The bolt is located between the first and second openings defined by the channels of the upper and lower saddles. Such placement causes a firm grip of the rods by balancing the forces imparted by the saddles to the rods. Further benefits of such placement include that it allows for compact saddle designs. A compact design generally reduces tissue irritation associated with bulky devices, is generally lighter than a larger device and is simpler to install along a spine rod that also includes several screw-clamp assemblies.
Lock washer 150 has a lower tab 152 which cooperates with notch 156 in the upper saddle to prevent the washer from rotating with respect to the upper saddle. Upper tabs 154 can be bent upward to cooperate with flats 58 on the head of the bolt and prevent the bolt from loosening once the bolt has been properly tightened.
The cross brace is generally assembled after the rest of the spinal fixation system is in place. The lower saddles can be temporarily held in an appropriate place along the spine rods, such as by forceps. A transverse rod is cut to length and bent as necessary so that its ends simultaneously seat in each channel 138 of each lower saddle clamp. The upper saddles can then be bolted and locked into place.

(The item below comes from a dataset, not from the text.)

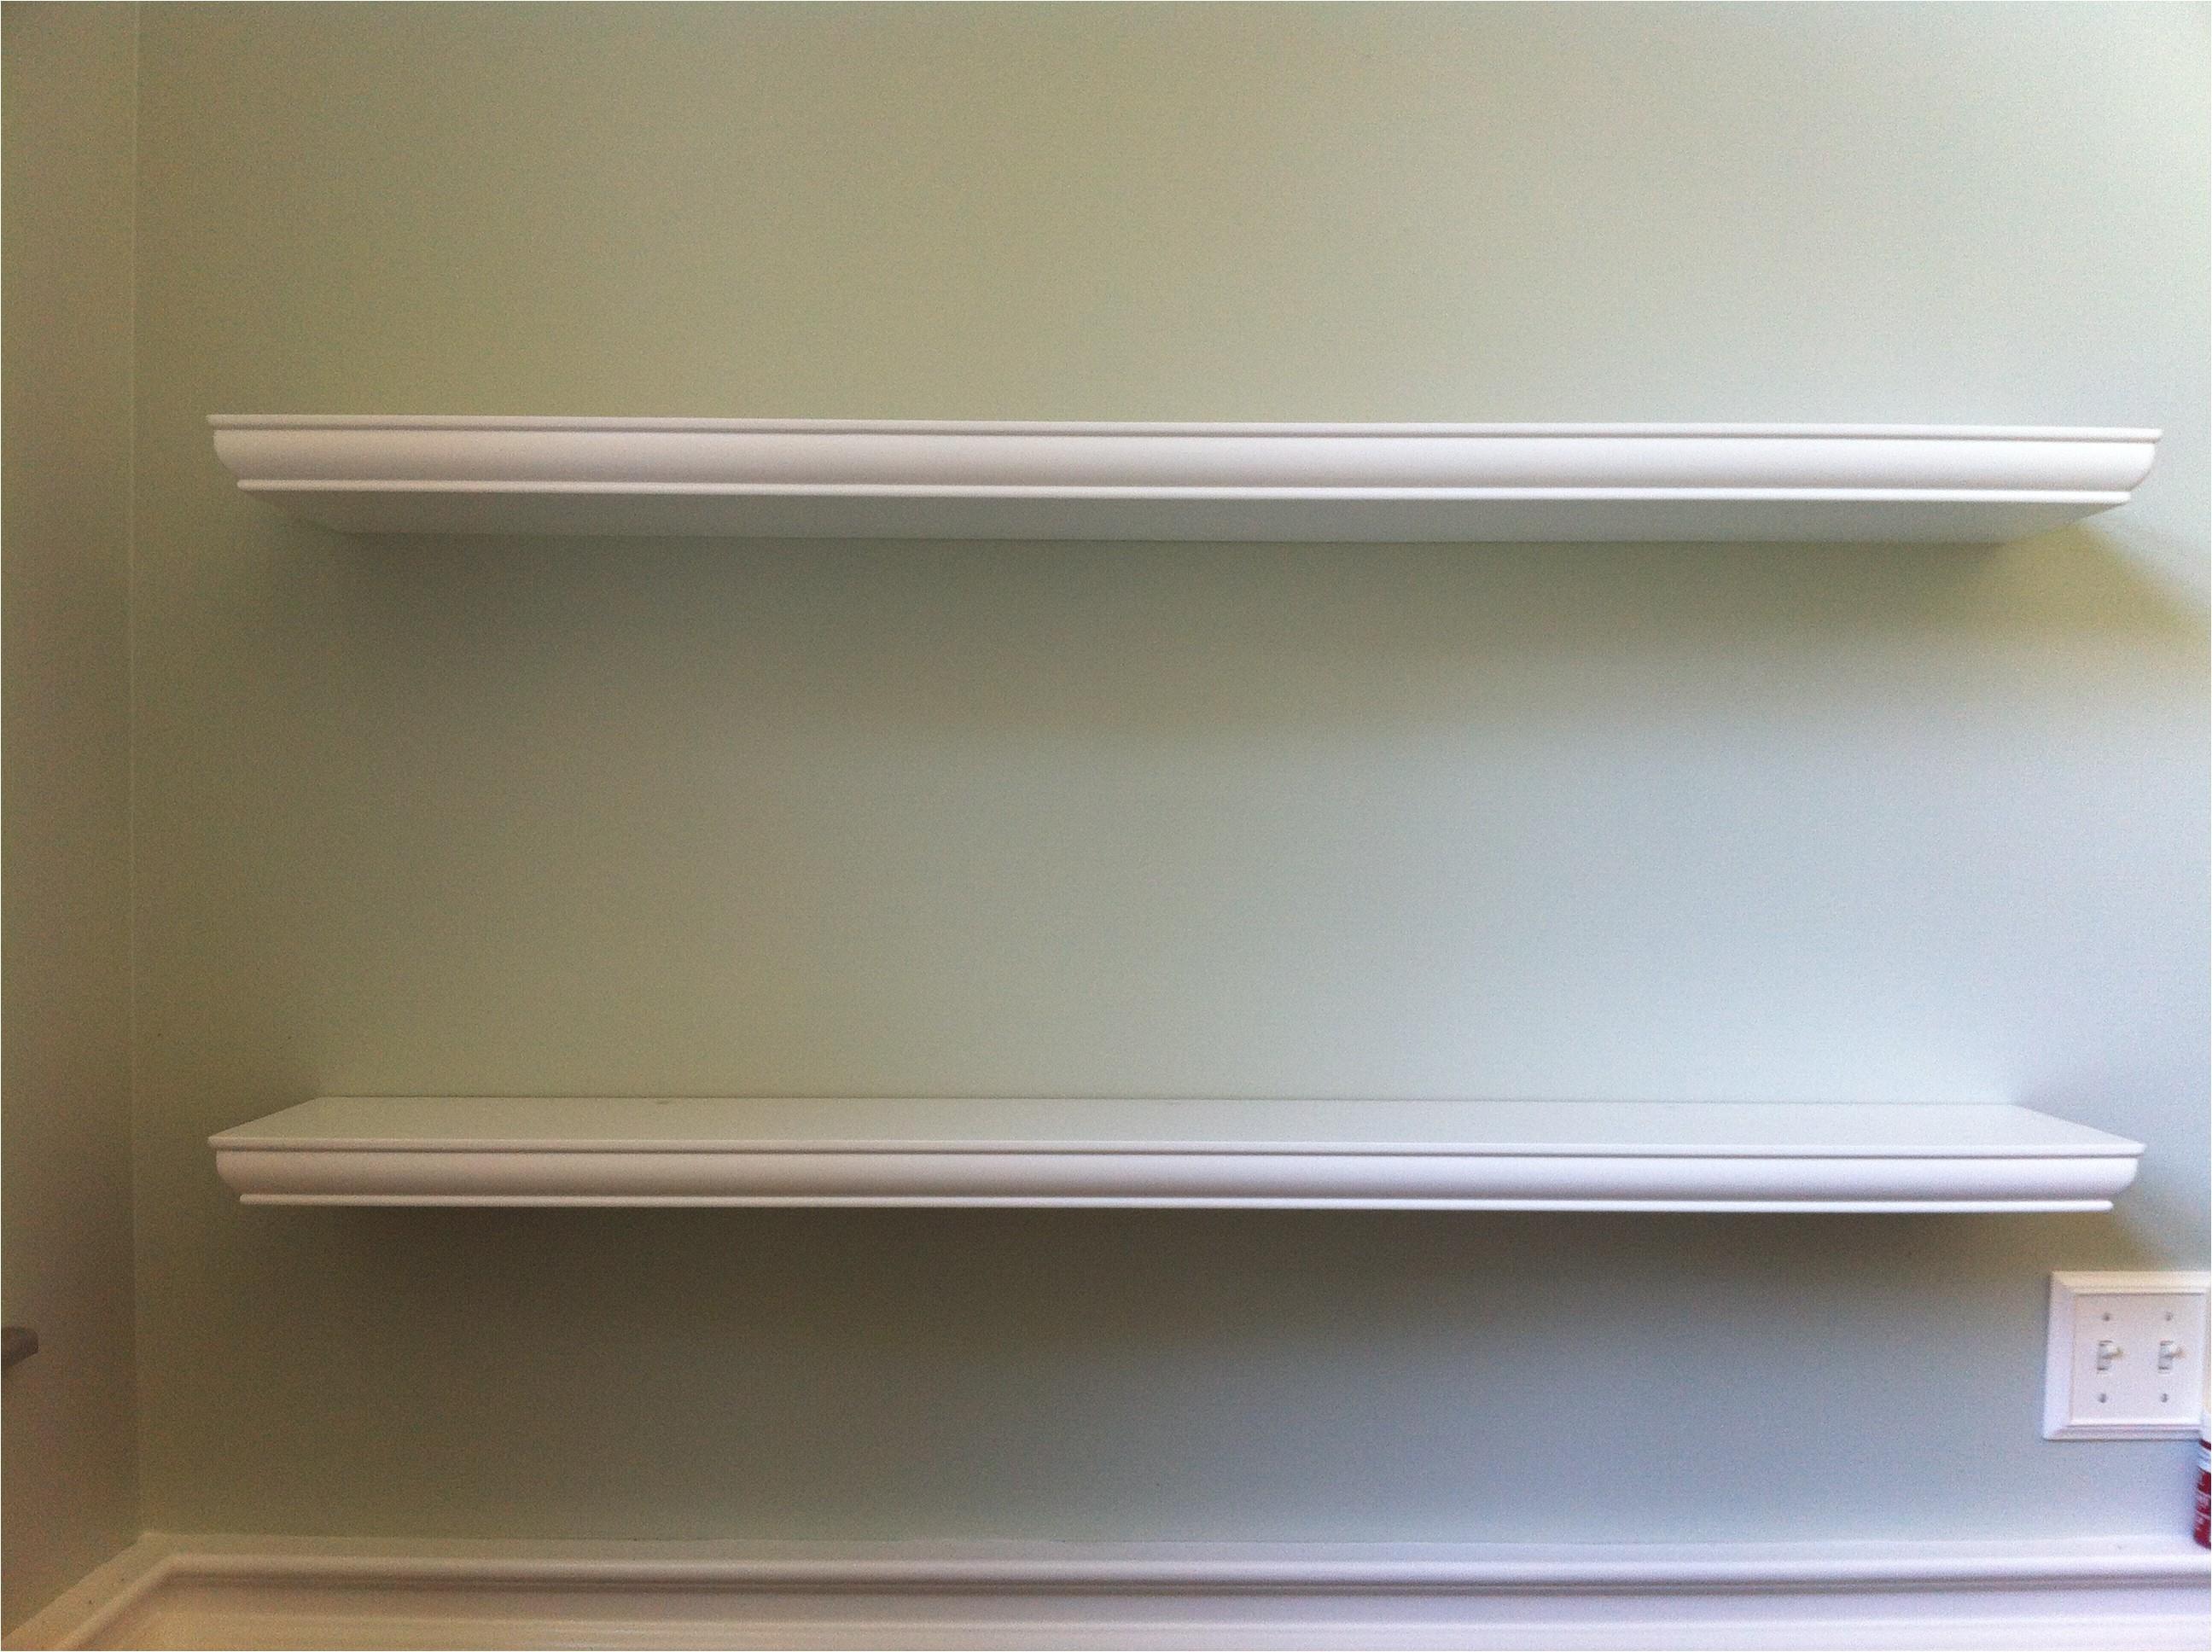 White Floating Shelves Lowes Floating Corner Shelves Lowes with Charming White Floating

The transverse clamp is preferably configured with a J-shaped lower saddle that forms channel 136 such that the saddle wraps partially around the spine rod. The upper saddle is wedge-shaped at channel 132 on its side toward the spine rod so that as the saddles are clamped together, the spine rod is pressed firmly between the channels with great leverage.
Another feature of the transverse clamp as shown in FIG. 8 is that the clamp has a tapered end 128 toward the side that grips spine rod 14. A broad end 126 on the opposite end provides firm grip of the transverse rod 30. This tapering is helpful in an installation such as is shown in FIG. 2 where screw clamp assemblies are located at every vertebrae spanned by the spine rod. When the screw clamp assemblies are positioned at every vertebrae, the space along the spine rod between adjacent screw-clamp assemblies can be limited making the attachment of a transverse clamp difficult. By tapering this end of the clamp, the transverse clamp is easy to install in a limited space, yet still provides a strong grip of the transverse rod.
For installations where a particular vertebrae is skipped as shown in FIG. 3, a non-tapered transverse clamp 218 as shown in FIG. 9, provides slightly better grip of spine rod 14 than a tapered clamp. As with the other branch connectors illustrated, transverse clamp 218 includes a lower saddle 220 and an upper saddle 222 which mate to grip spine rod 14 and transverse rod 30. It should be recognized that neither of the two transverse clamp designs described above are preferred in all applications, but rather, each one has certain advantages over the other in particular circumstances.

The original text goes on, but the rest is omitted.